An ongoing discussion about SAP infrastructure

ERP Platform Selection – An analysis of Gartner Group’s presentation

Recently, a document from The Gartner Group found its way across my desk.  This document was written by Philip Dawson and Donald Feinburg and was called: “Virtualizing SAP and Oracle: ERP Optimization”.  The document seemingly has a single point; everything except x86 is dead so all new implementations should go on x86 and almost everything else should be migrated to x86 when possible.   Not only is this conclusion short sighted and oblivious to the requirements of large SAP implementations, but we should remember that this is the same company that proclaimed the mainframe dead about 20 years ago, a fact that is as incorrect today as it was back then.

First, the argument that Gartner did not make and is strangely absent but, I think, most customers have as their number #1 criteria: TCO.   Actually, they did in a backhanded sort of way, but in support of legacy UNIX systems and only for tier 2 ERP instances.  I have worked directly with hundreds of SAP and Oracle customers.  While a delight to work with one without financial constraints, these are few and far in between.  Most customers must find ways to save money.  A complex ERP landscape requires a wide array of systems/partitions, high availability, DR, backup/recovery, storage devices, etc.  Companies like International Technology Group (ITG) found that when TCO is analyzed, landscapes based on IBM Power Systems are less expensive than x86:  Solitaire Interglobal Ltd analyzed TCO and many other factors without limiting their analysis to ERP systems and came up with a similar conclusion:  I have put together many landscape comparisons for SAP and have also been able to show the same effect when considering the support that is required for mission critical environments, the cost of enterprise level virtualization technologies and the cost of high availability software with all being supported for a minimum of 3 years with 24×7 by 4 hour maintenance.

All by itself, a consultant’s report which purports to help customers choose their ERP platforms but does not take this vital issue into consideration is questionable at best.  That said, allow me to take a few of the arguments they did make in the document and explain where each falls short.

Argument #1 – “ISVs focus new application functionality first on x86 Tier 1 ports.
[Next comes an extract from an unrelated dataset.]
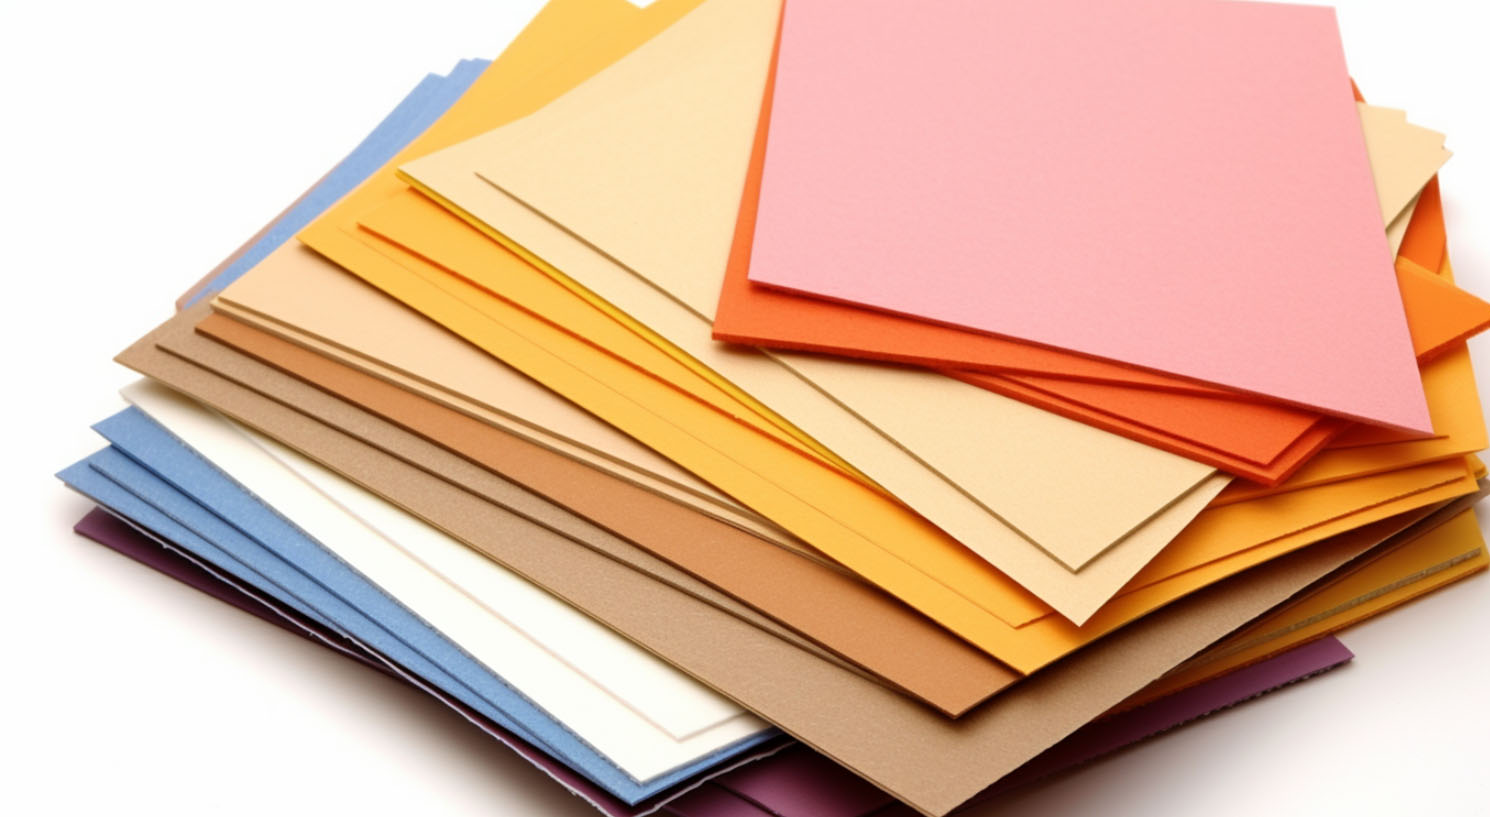 Tonpapier in verschiedenen Farben und Größen
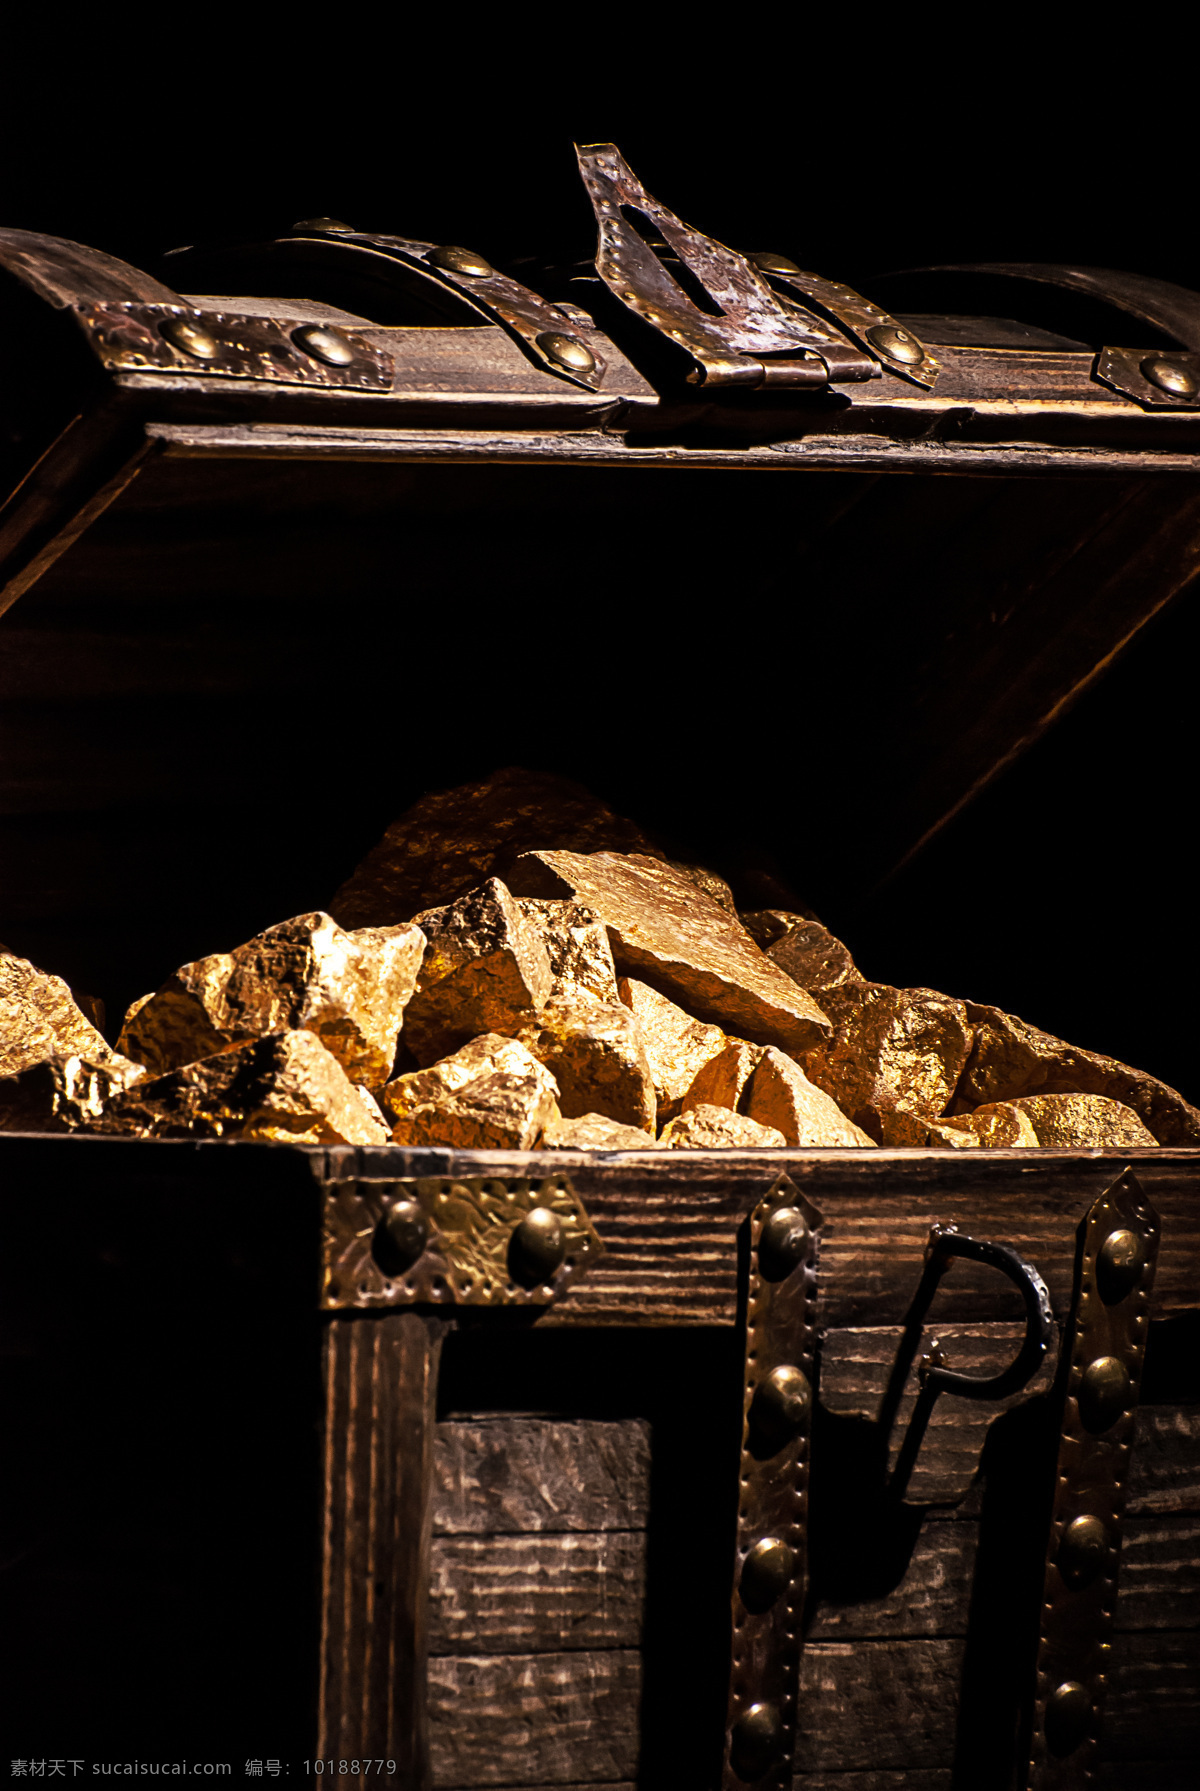 宝 箱 里 黄金 石头 宝箱 箱子 财富 金子 黄金石头 金融货币 金融财经 商务金融

Largest installed base. – Invest!”  At least in the case of SAP, with the exception of HANA, new functionality is available on all Tier 1 platforms simultaneously, not first on x86.  AIX is considered a Tier 1 platform and shares in this “first” port.  Oracle understandably supports its OSs first, i.e. Linux and Solaris, but actually ports to AIX and other Tier 1 platforms during the same development process and simply limits other OS availability for marketing purposes.  Second point; Gartner, as a company, certainly has the experience that apparently these two, either naive or misinformed, individuals don’t, i.e. that number of installs does not equate to size of the install base.   A Fortune 100 company may have 1,000 or more times the number of SAP users and hundreds of thousands more employees compared to a small customer, but the number of installed copies of an ISV’s software may be exactly the same.  Install base is far more relevant when one considers the % of revenue/profit derived from a type of platform than number of CDs cut.  I know of a few food manufacturers that have thousands of retail customers, but sell the vast majority of their products through “just” Walmart and a few other mega retailers.  By the authors’ logic, they should abandon the mega retailers as the “largest install base” as a count of individual companies they deal with lies in the mom and pop grocery stores.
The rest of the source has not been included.